# First horse ownership with Isabella the Mustang



## SamanthaApp (Jul 6, 2017)

I started looking for a haflinger about a month ago. There were a handful in my state in my price point, and I looked at 2 with appointments set for 3 more. I saw a posting for a 17 year old mustang mare, and something about her just made me want to see her. She was only half an hour away and I went out to ride her the next morning. She was a gorgeous, tiny little thing, with the sweetest, most gentle disposition. 

I loved the way she moved when the seller was handling her and riding her. She was very willing to go forward, with big, ground covering steps. She kind of slipped into the trot from a walk. I am currently riding a big, powerful TB, so the gentle gait is a big change. 

As soon as I got on her I knew she was my horse. I love the rhythm of her walk. And her trot is so fun. I am an English rider and was in a western saddle with stirrups way too long for me, so I was basically riding without stirrups and sitting the trot. She was so smooth and covered a lot of ground, especially for her little size. 

I had basically already made up my mind to get her. When I got off and we were standing around talking she was so relaxed and calm. She would gently sniff my hands and nuzzle my arm a little. In a really soft, curious way, nothing pushy or assertive, just sweet. Between her riding and ground manners I knew I found a gem, so I bought her on the spot. But I am not getting her until Wednesday, after her vet visit. I can't wait to see her again and get on her!

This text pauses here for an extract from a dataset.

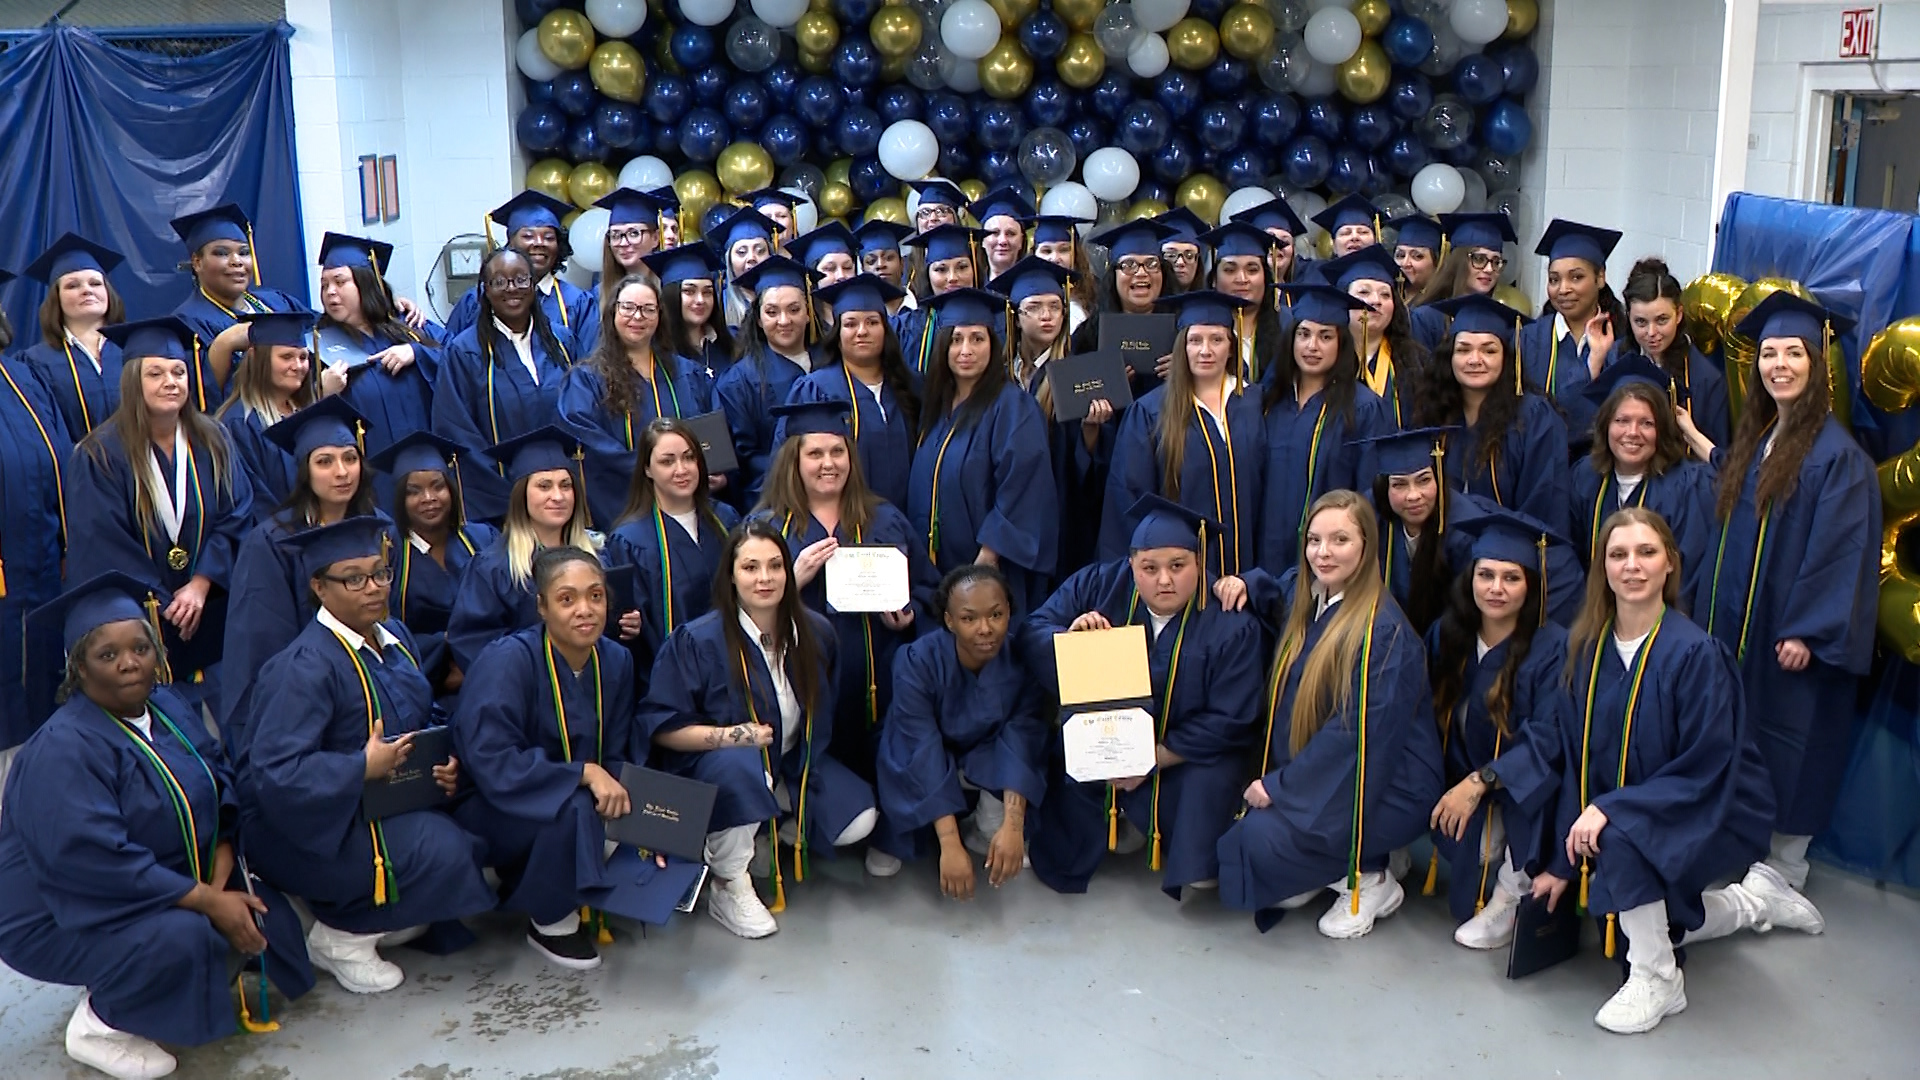 While serving their sentences, 70 women at the Lockhart Correctional Facility received their high school diplomas through the Goodwill Excel Center.

Here are some videos of our first ride. At first I thought she was testing me a little, but I realized after the fact that her bit was way too long, so she may have been uncomfortable. In one video she backs up for me, then I kind of intentionally confused her by giving her mixed directions to see how she would react when she didn't know what I wanted her to do. She tried her best to do everything I was telling her to do, which was the most endearing thing. And she does look like she stumbles a little at one point, I slowed the video down and didn't see anything to stumble over, she kind of just threw her shoulder down for some reason. I am really looking forward to riding her with an English saddle.


----------



## AtokaGhosthorse (Oct 17, 2016)

CONGRATULATIONS! She's lovely!


----------



## KLJcowgirl (Oct 13, 2015)

She is pretty darn cute! Congrats!


----------



## SamanthaApp (Jul 6, 2017)

AtokaGhosthorse said:


> CONGRATULATIONS! She's lovely!


Thank you  In going back and watching the videos and zooming in I noticed her poor feet are in desperate need of a trim. She seems like she stands under herself a little to me, but I think the long toes might contribute to that. She is a super smooth ride regardless. 

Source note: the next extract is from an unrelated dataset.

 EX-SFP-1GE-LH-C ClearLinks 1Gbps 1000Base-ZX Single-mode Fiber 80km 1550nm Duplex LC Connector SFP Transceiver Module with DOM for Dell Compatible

Also her bit is way too big! The seller said "she head tosses" well yah, her bit is like an inch too big. I used as little reign aids as possible and she was way better for me than him. She can go off seat and legs no problem.


----------



## SamanthaApp (Jul 6, 2017)

KLJcowgirl said:


> She is pretty darn cute! Congrats!


Thank you  She is the exact opposite of the big, powerful TB I ride now! But I love them both


----------



## jaydee (May 10, 2012)

This journal has been closed due to prolonged lack of participation by the author. Journals that have no active participation by the author for a period of time greater than 18 months will be considered abandoned and will be closed until the author asks for them to be reopened.


----------